The Act was so regarded by other legislation relative to the same subject. When the common law of descent and distribution was first formulated into a statute in 1696, it was ordered that when a man dies intestate "his widow, if any be, shall have, besides the third part of his real estate during her life, a part also of his personal estate," etc. 4 Col. Rec. p. 167. And the statute of descent and distribution of 1699, being substantially the same as the one now in force, provides that the Court of Probate shall distribute the estate as follows: "one third part of the personal estate to the wife of the intestate (if any be) forever, besides her dower or thirds in the housing and land during life, where such wife shall not be otherwise endowed before marriage, and all the residue of the real and personal estate, by equal portions, to and among his children," etc. 4 Col. Rec. p. 307. And in 1736 it was provided that the Court of Probate should assign the dower in case of will as well as of intestacy; and such is the present law. General Statutes, §§ 619, 630. This view *155
of the origin of the widow's right in the land of her deceased husband is acted upon in Stewart v. Stewart,
Such being the existing law of divorce, descent and distribution in 1672, the Act in question was passed as follows: "That every married woman (living with her husband in this Colony or elsewhere absent from him with his consent or through his mere default, or inevitable providence, or in case of divorce where she is the innocent party) that shall not before marriage be estated by way of jointure in some houses, lands, tenements, hereditaments for term of life, or with some other estate in lieu thereof, shall, immediately after the death of her husband, have right and interest by way of dower in and to one third part of the real estate of her deceased husband's lands, etc., to be to her during her natural life." 8 Col. Rec. p. 56.
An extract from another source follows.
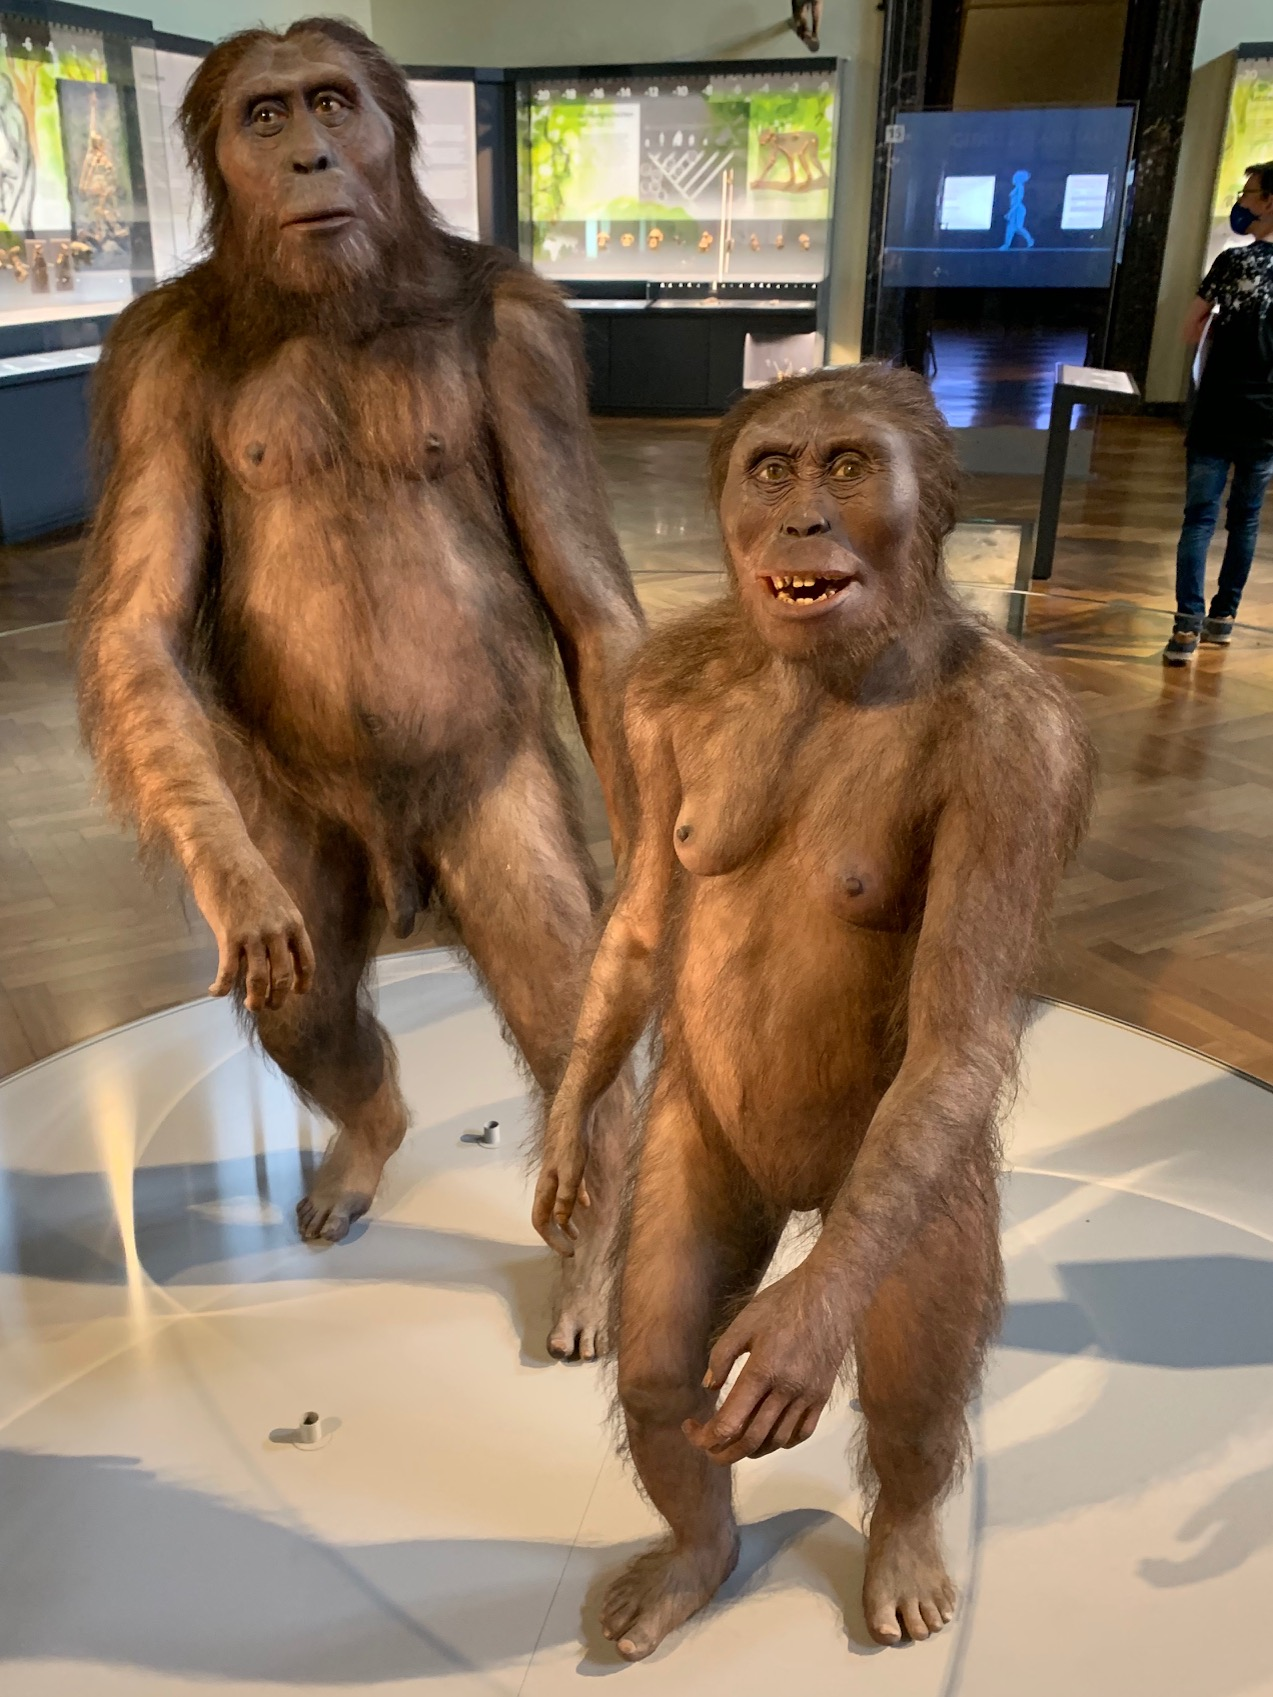 Lehrausgang Naturhistorisches Museum Wien 2GI

Reading this language in view of the conditions it was framed to meet, it is certain that this right of dower, like the right to a distributive share of personal property, cannot exist before a husband's death, and affects only the estate left by him; that in no event can more than one third of the real estate be assigned for dower; and that the person entitled to dower is the wife living with the deceased at the time of his death, unless her separation at that time is due to his fault or accident, or to a divorce that leaves her free and the man so far her husband that he has no other conjugal tie.
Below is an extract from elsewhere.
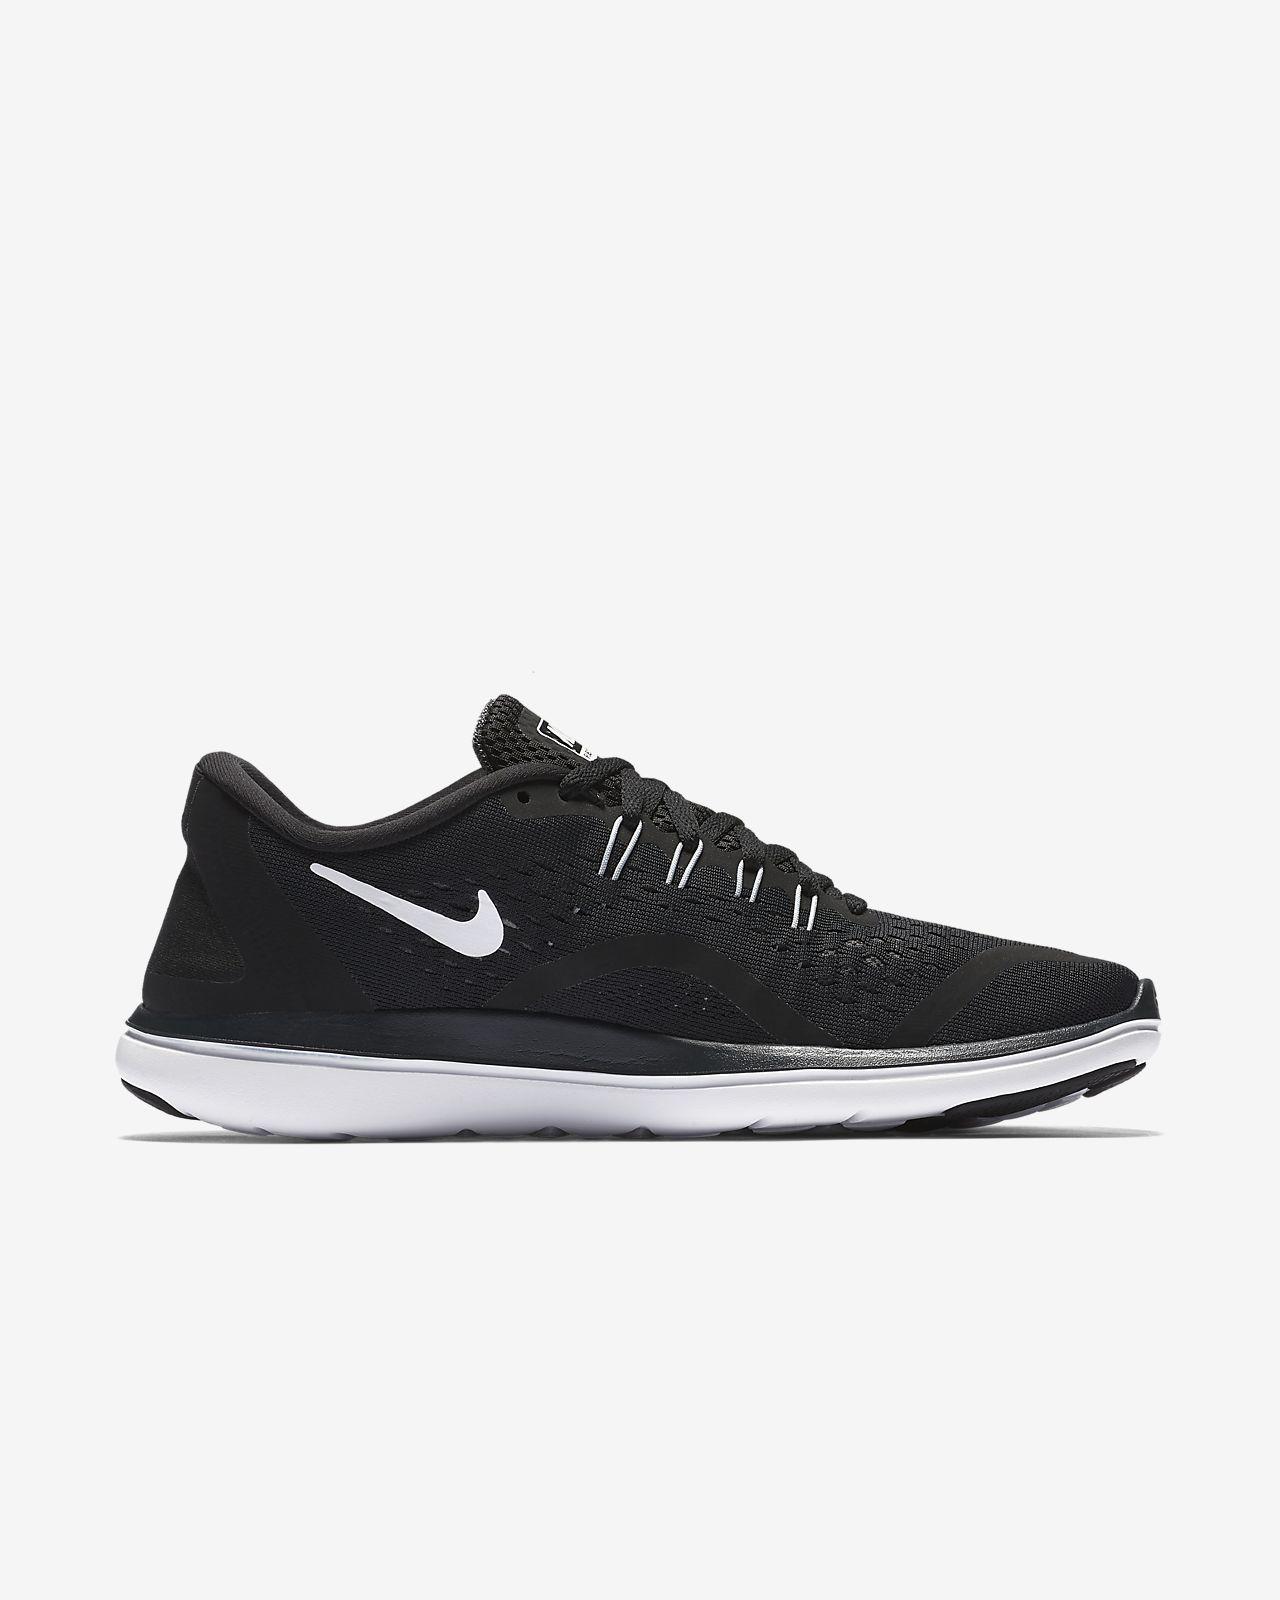 e58f432e957f0 Calzado de running para mujer Nike Flex 2017 RN. Nike.com CL

It is certain that a woman divorced is admitted to dower only because she represents, and no other is, the wife living with her husband or separate through his fault. As was said in Stilson v. Stilson,
When the Act of 1849 expressly authorized the marriage of a man divorced for his fault, it did not enact a different law for such marriages; it gave to the wife the full rights of a wife, and among them the right to share her husband's estate by way of dower, as well as of distribution, in the same manner *156 as every other wife; and to that extent it modifies the operation of the statute of dower. The present statute enables a woman divorced for her husband's fault, to be treated as so far his wife that she may share his estate by way of dower, so long as she represents the wife living with him or separated by his fault; but the Act of 1849 modifies the practical effect of this by enabling the divorced husband to lawfully take a wife, who, living with him at the time of his death, is, by the express terms of the statute, the one entitled to dower. The words "or who has been divorced where she is the innocent party," still mean the wife separated by his fault from a man who has no other conjugal tie; if, however, he acquire such tie and leaves a lawful wife surviving, she is the "married woman living with her husband at his death," and the contingency of separation provided for by the qualifying words does not exist.
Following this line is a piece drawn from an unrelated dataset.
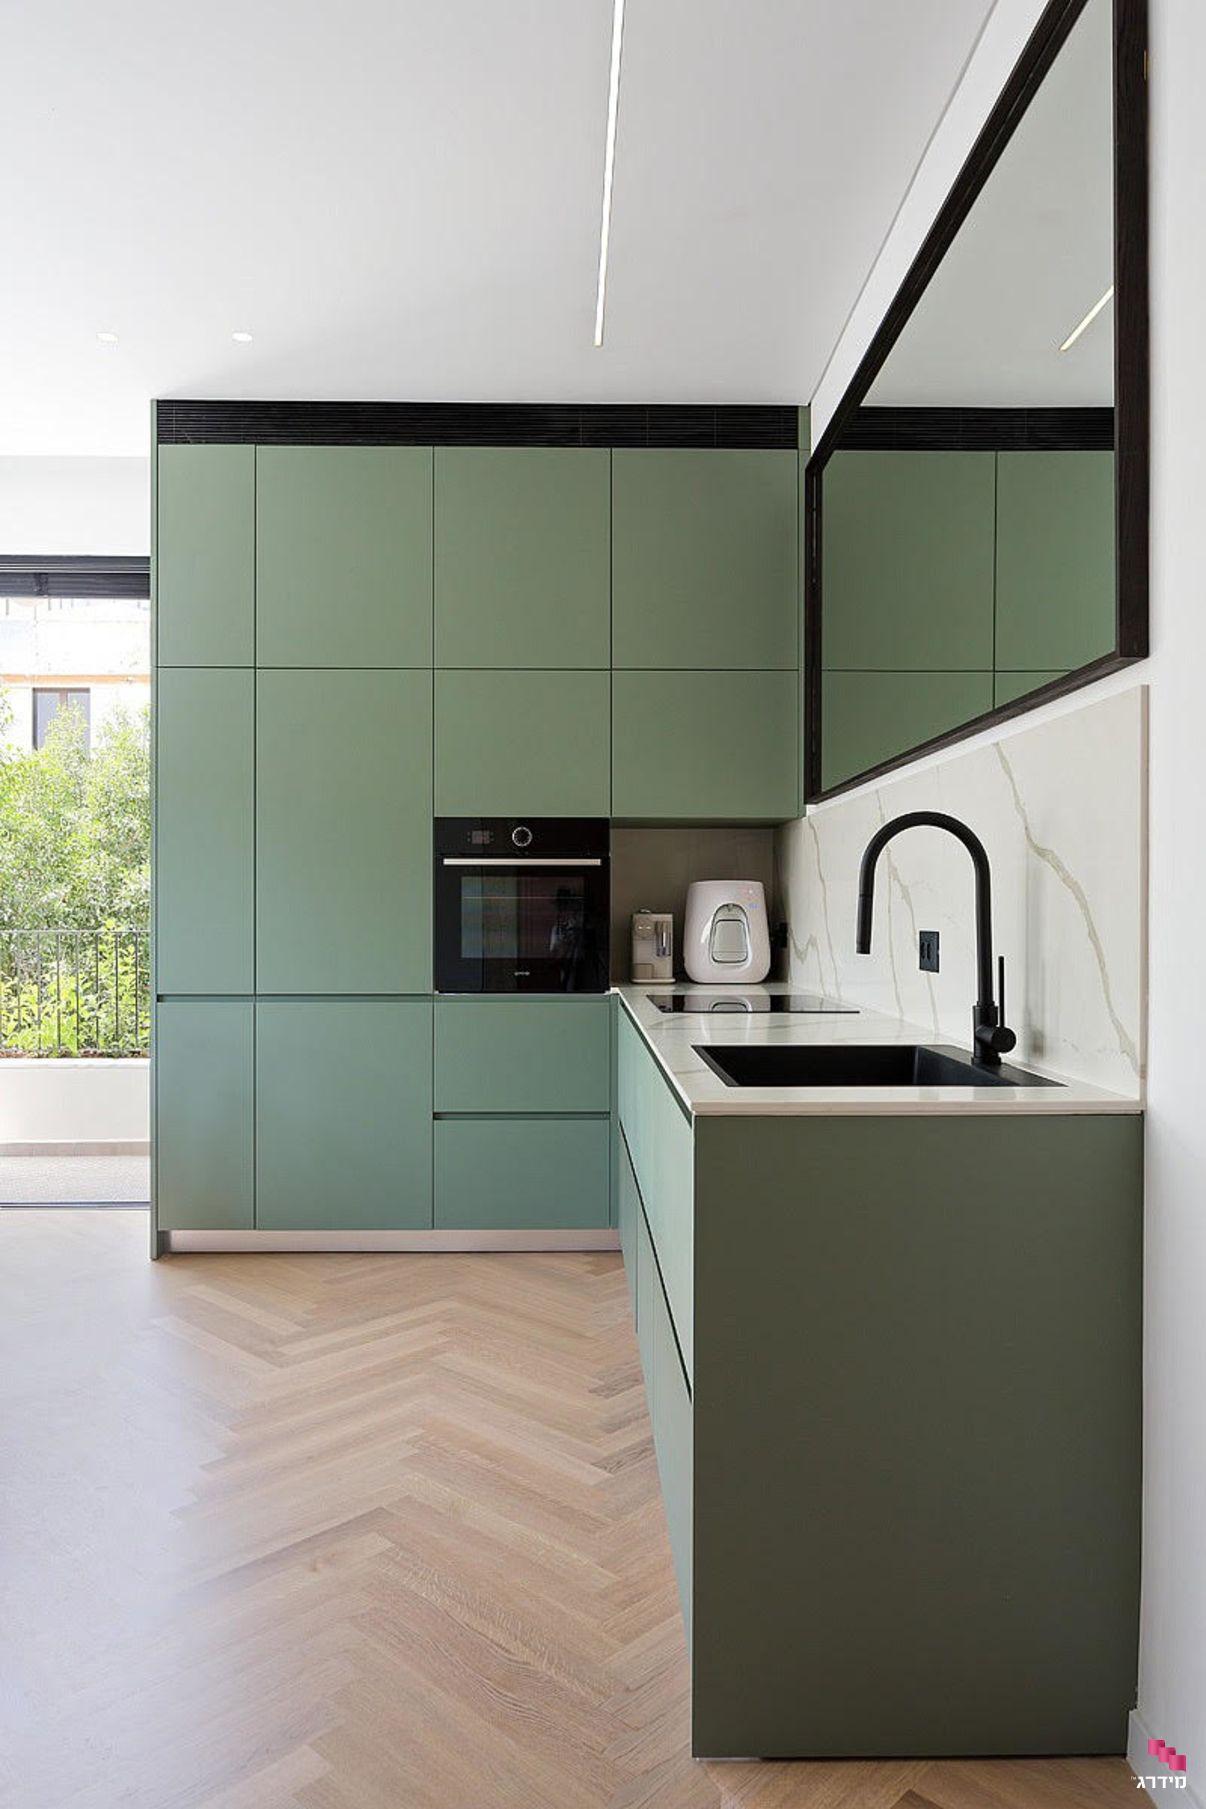 עיצוב דירה קטנה רעיונות

In Stilson v. Stilson, supra, the divorced husband had married again, but, as appears, the second wife did not survive him. The court assumed that the divorced wife was entitled to dower. Had there been no second marriage, there could have been no question of her right. Whether the result is the same in the case of a second wife not surviving her husband, is a question that was not discussed; it was assumed to be the same, the whole contest of the case turning on the effect of a contract between husband and wife before the divorce. If, upon lawful marriage after divorce, the link between the wife and her divorced husband which supports her claim to dower, is finally severed, no troublesome questions will arise, no matter how many times a man is divorced. Otherwise, such questions as have been discussed in this case may arise whenever a man dies leaving more than one divorced widow and no genuine widow. In this case, however, the much married man has left a widow, and under the statute she and no one else is entitled to dower, so that the questions are not material. They are not likely to become practical. Such a case as this has never before been presented to this court, and it is to be hoped it may never arise again; moreover, the legislation of 1877 has abolished dower as to all marriages entered into after that date. *157
Upon the appeal of Phebe E. Brown the Superior Court is advised to render judgment affirming the order of the Court of Probate.
Upon the appeal of Esther Macdonald the Superior Court is advised to render judgment affirming the order of the Court of Probate.
In this opinion the other judges concurred.